Suara.com - Memanasnya hubungan antara institusi Komisi Pemberantasan Korupsi dan Kepolisian Republik Indonesia akhir-akhir ini dinilai semakin menegaskan bahwa kekhawatiran Jusuf Kalla dulu (sebelum Pilpres 2014) bahwa kalau Joko Widodo menjadi Presiden RI, Indonesia bisa hancur, menjadi kenyataan.
"Ini menggambarkan, kata-kata Pak JK dulu itu jadi benar. Dulu ngomong kalau Jokowi jadi Presiden, hancur negara ini," kata anggota Dewan Pembina Partai Demokrat Achmad Mubarok, Minggu (25/1/2015).
"Kenapa? karena jam terbang Jokowi enggak cukup. Pengalaman dia tidak memadai jadi Presiden," Guru Besar Psikologi Islam UIN Jakarta menambahkan.
Tapi, kata Mubarok, ia tidak bisa menyalahkan Jokowi atas kasus KPK - Polri. Menurut dia, justru yang salah adalah orang-orang yang dulu memilih Jokowi.
"Jokowi adanya segitu. Pengalamannya segitu, ya gimana, yang salah yang milih dulu," kata Mubarok.
Mubarok menambahkan, dalam kondisi seperti sekarang, sulit untuk memberikan masukan kepada pemerintah untuk menyelesaikan masalah itu.
"Karena Jokowi tidak konsisten, ketika mau pilih Menteri dulu minta tolong KPK, lalu ada tanda kuning atau merah itu. Tapi ketika pilih Kapolri, ia tidak minta bantuan KPK. Ini kan tak konsisten.
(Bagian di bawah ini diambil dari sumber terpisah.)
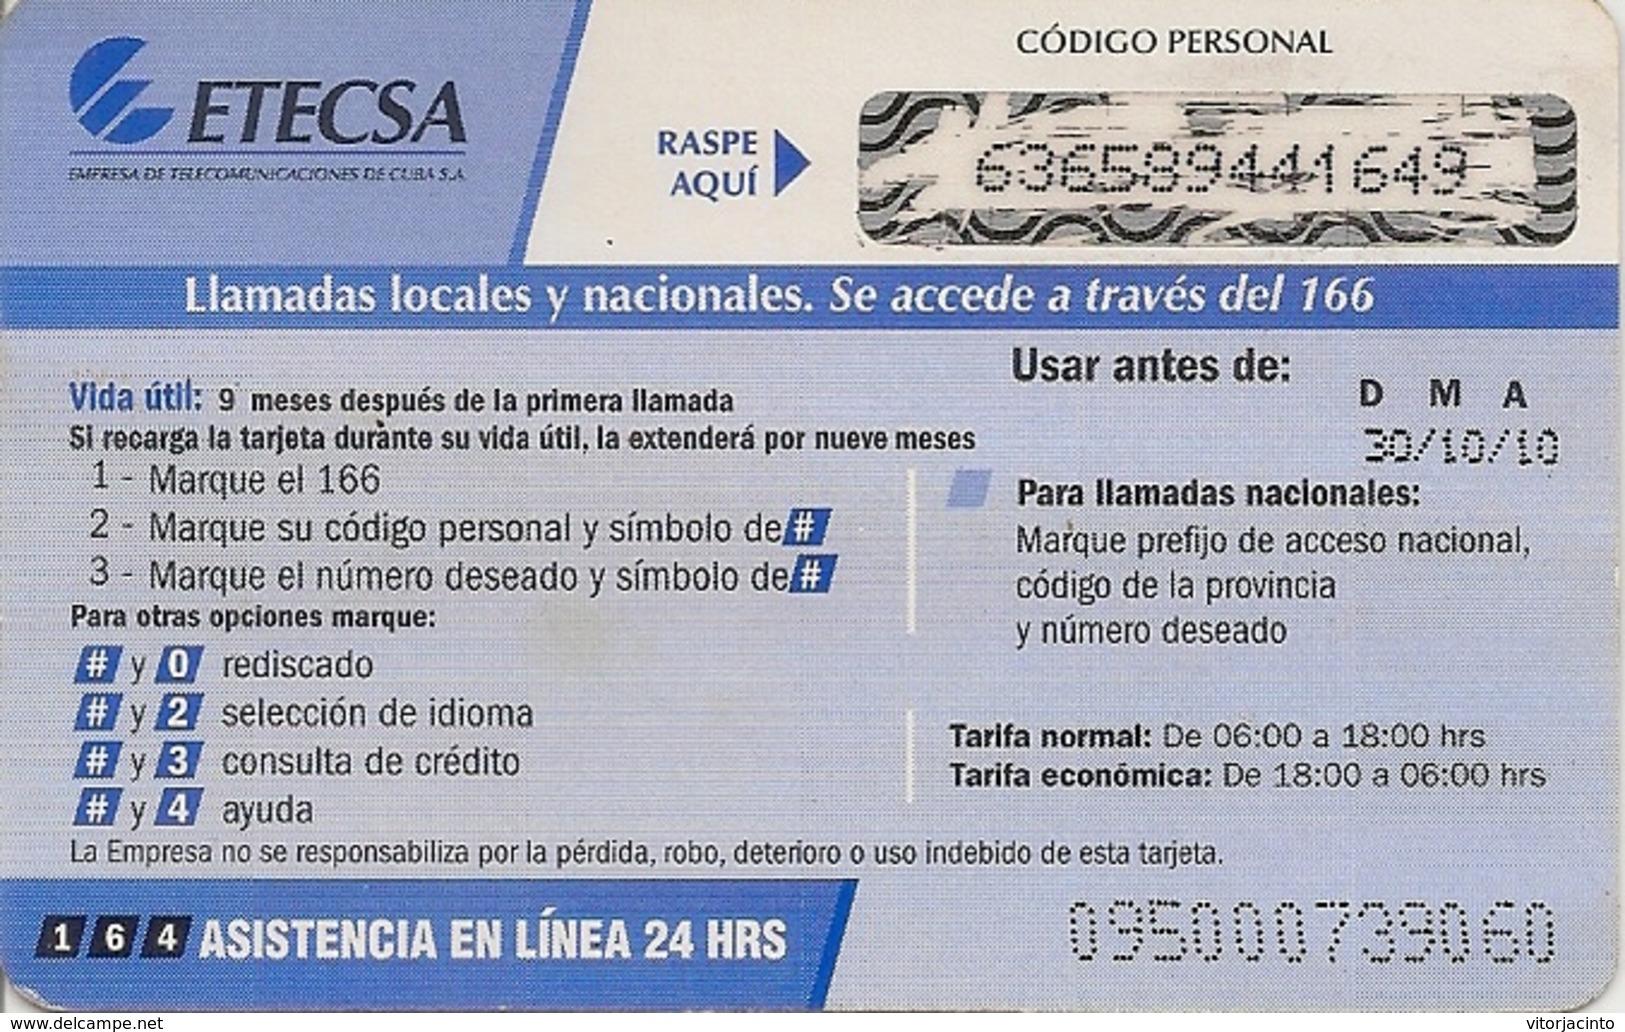 ETECSA Propia- Local And NationaL Phone Card Recharge 10.00 MN - Cuba - Cuba

Bahkan, tidak gunakan Wanjakti di Mabes Polri," katanya.
Mubarok mengatakan sebenarnya apa yang dilakukan Jokowi saat memilih menteri dan melibatkan KPK dan PPATK itu sudah benar.
Seperti diketahui, setelah KPK menetapkan calon Kapolri Komisaris Jenderal Budi Gunawan menjadi tersangka dugaan kasus tindak pidana korupsi, hubungan antara KPK dan Polri memanas. Lalu, gantian Polri menetapkan Wakil Ketua KPK Bambang Widjojanto menjadi tersangka kasus mengarahkan saksi memberikan keterangan palsu di Mahkamah Konstitusi.